*** Supplied records ***

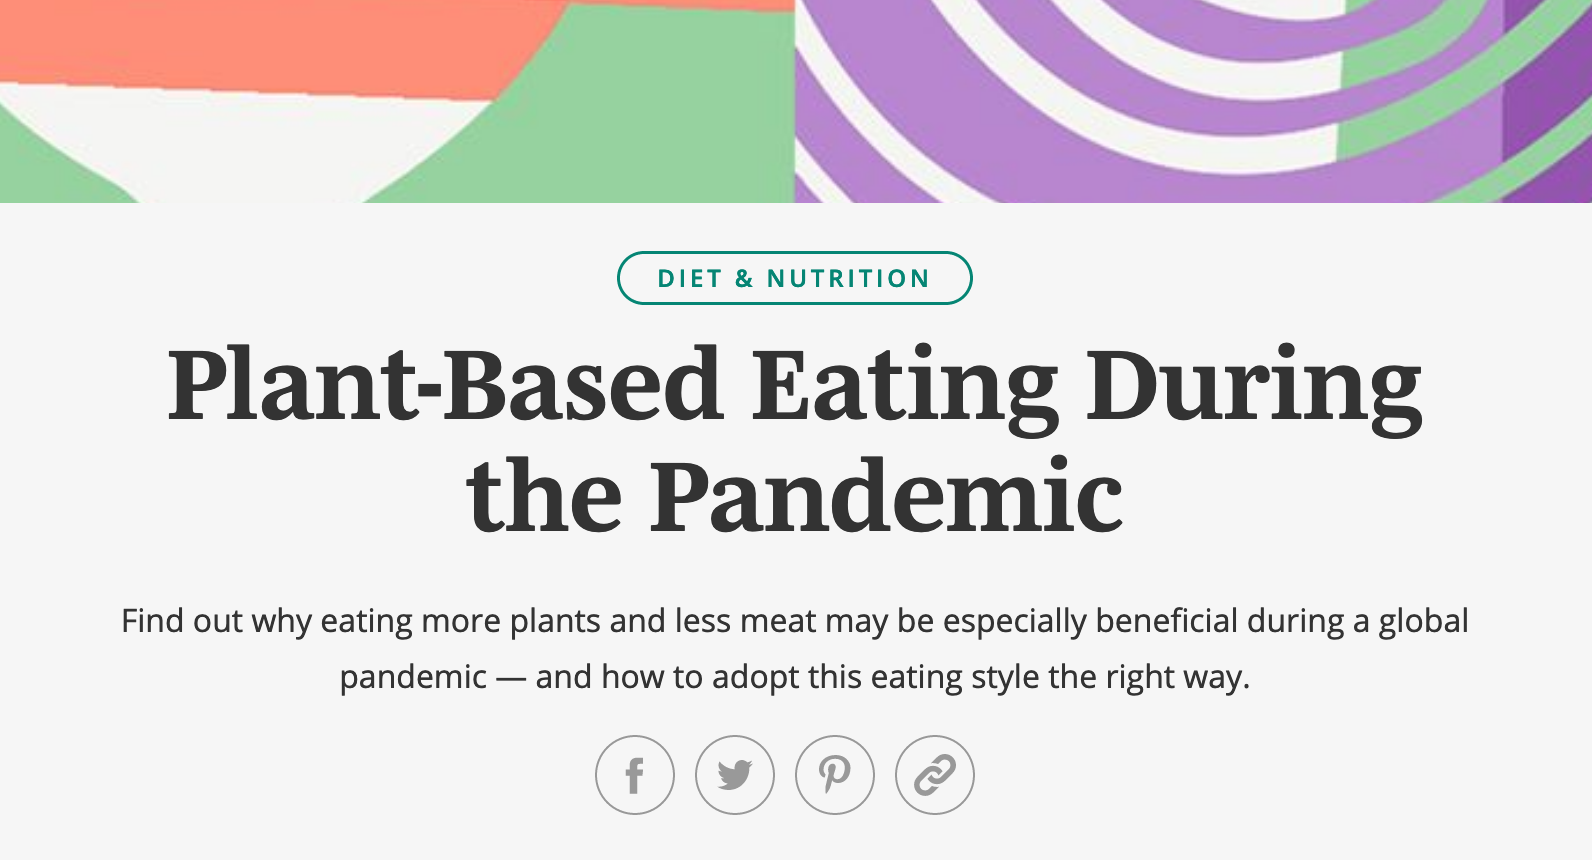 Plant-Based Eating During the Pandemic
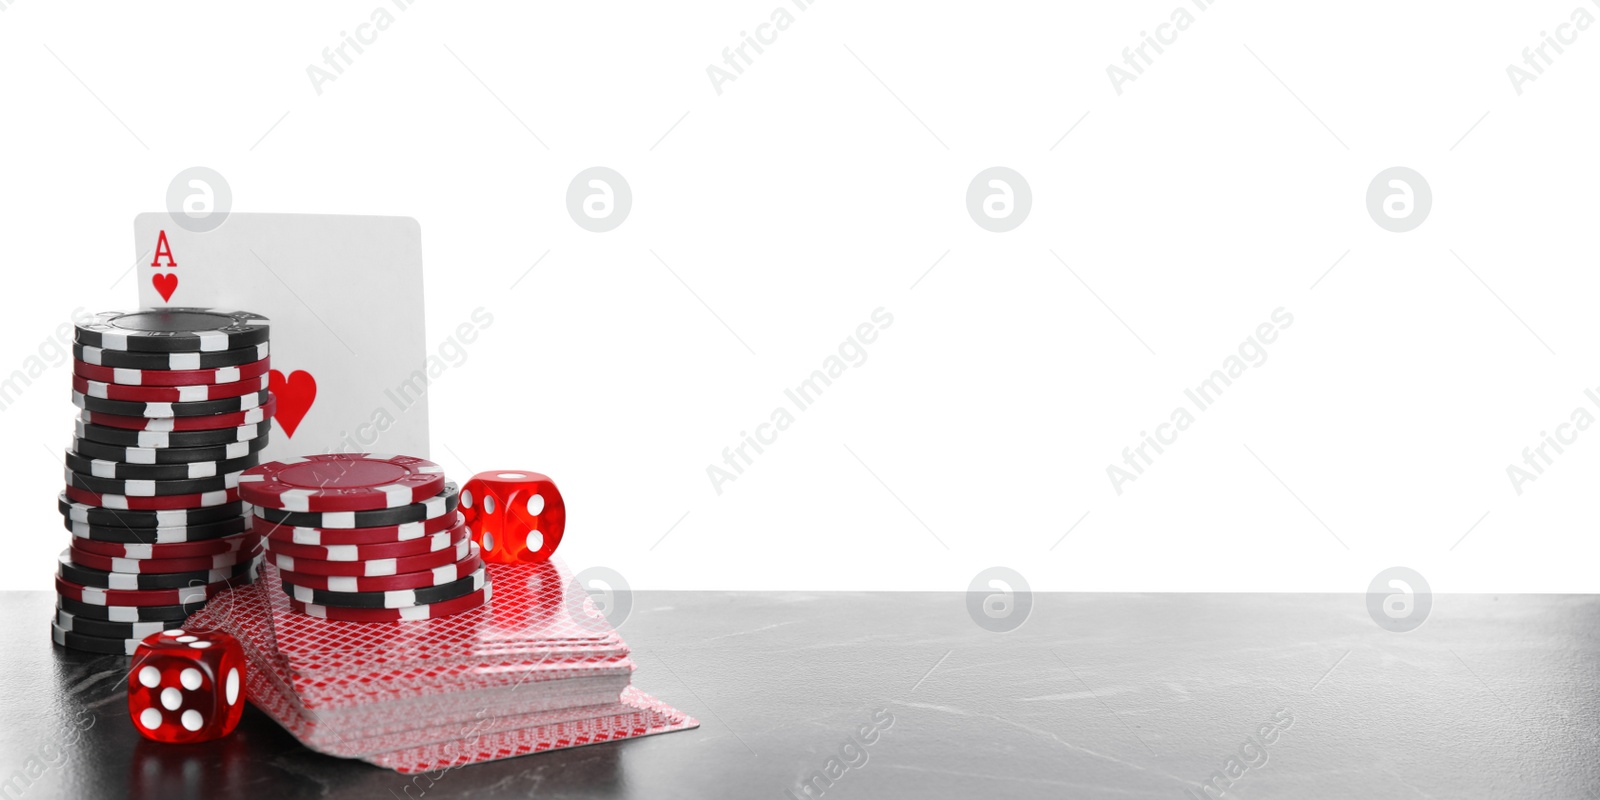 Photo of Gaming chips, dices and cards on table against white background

*** End of Supplied records ***
*** Supplied records ***

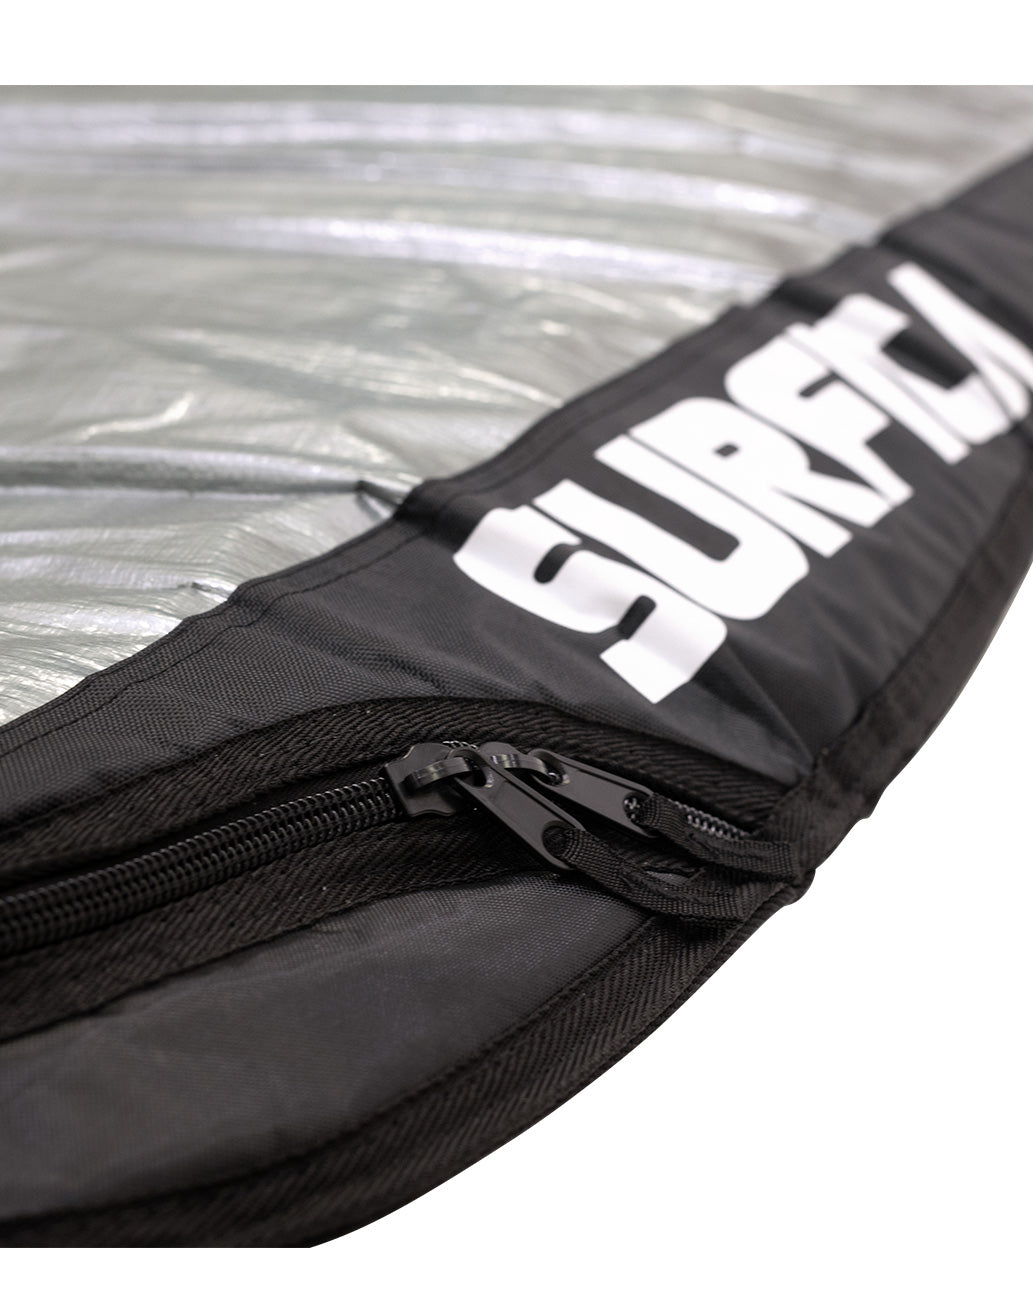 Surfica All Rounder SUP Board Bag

*** End of Supplied records ***

- Work task
Write down exactly what the lines above say, from the line holding "Plant-Based Eating During the Pandemic" through the line holding "Photo of Gaming", and nothing more. Do not copy the pictures.

- Answer area
 Plant-Based Eating During the Pandemic
 Photo of Gaming chips, dices and cards on table against white background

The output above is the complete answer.